And yet … as reports of equally unacceptable behaviors by college professors and belated or nonexistent responses by their institutions have become shockingly common, the question is whether academe, as well as the film industry, will finally decide to deal decisively with the challenges of sexual harassment.

A recent article by Insider Higher Ed’s Colleen Flaherty focused attention on just that issue. It closed with a fundamental question that demands consideration now that so many student victims have recognized that some academic misbehavior belongs to the courts rather than interminable campus deliberations. She asked, “Could institutions be cracking down on even big-name professors?”

The question prompted memories of my experiences giving depositions on behalf of student victims. While several institutions have recently been holding professors more accountable, my response is “Let’s not hold our breath waiting for a major crackdown.” Here’s why.

Ambiguity of Mission and Method

The power imbalance between educators and students is obviously the foundation for the misconduct dynamic. Decades ago, The Lecherous Professor analyzed the distinct characteristics of academe that make it fertile ground for sexual misconduct to flourish. But the fates of campuses’ big-name “lecherous professors” now rest as much, maybe more, on less recognized features that make higher education increasingly susceptible to sexual misbehavior. Today, too many institutions remain trapped in the past, beset by ambiguity of mission and methodology, diffused institutional authority, sluggishness to act in crisis, unrestricted acceptance of professional autonomy and eccentricity, inaccurate perceptions of those they serve, and adherence to myths of collegiality and professional loyalty.

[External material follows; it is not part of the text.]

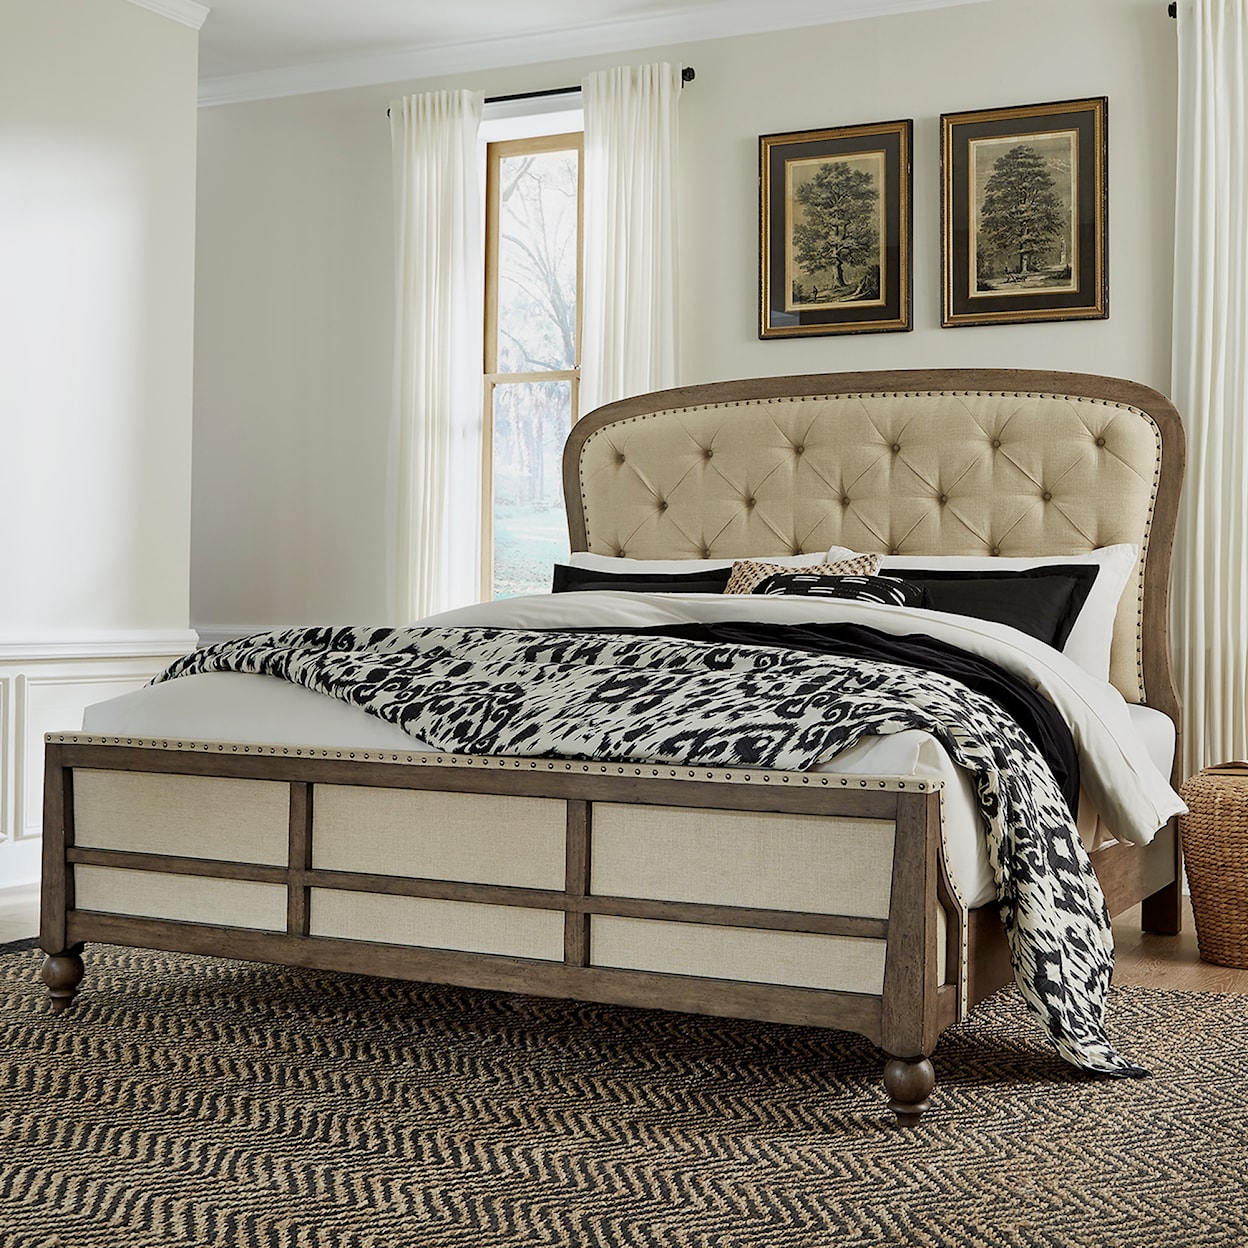 Libby Americana Farmhouse Upholstered Queen Shelter Bed

Ambiguity of mission and method has grown like a cancer year after year in higher education. What began as a profession intended to impart classical education and pursue knowledge has extended so far beyond those original intentions as to be unrecognizable. Lost in the chaos and morass of academe’s promises is clarity about exactly what educators are supposed to be doing, how they are to do it and what the effects should be.

Mission statements laud “growth” as a goal for students, but how does a lascivious instructor interpret growth, and what is the student to make of it? Ambiguity extends to pedagogy as well. Contrary to eras when students were students, they have increasingly become customers. As a consequence, professors are challenged to treat them with understanding, personal interest, warmth, caring and accessibility. Those are, in fact, features of teaching excellence, but they can also be -- and are -- excuses for individuals to cross boundaries and extend relationships with students beyond the classroom.

Add to that the array of institutions like Aquinas College, Bard College, Bowdoin College, Cornell University and Duke University that have hosted events like the Female Orgasm program. Its internet site advertises a long list of institutions praising its educational and entertainment value, but it is difficult to understand its purpose in relation to institutions’ ubiquitous and commonly esoteric mission statements promising to provide students career, critical thinking and leadership skills, as well as inspiration for serving others, participating in the national and global society, and pursuing truth and the common good.

If we hope to desexualize campuses a bit to discourage student and professorial sexual misconduct, I have difficulty comprehending where the Female Orgasm program fits in the extensive academic and social demands made of students. I have an even harder time figuring out just where one would include participation in an event like this on a résumé. Maybe training? Or experience?

Questionable Engagements

But hypersexualization is only one of the challenges facing 21st-century academe, as teaching and learning have moved beyond traditional classrooms to the farthest reaches of the globe and beyond. We have only begun to recognize challenges that the rapidly changing world of technology poses.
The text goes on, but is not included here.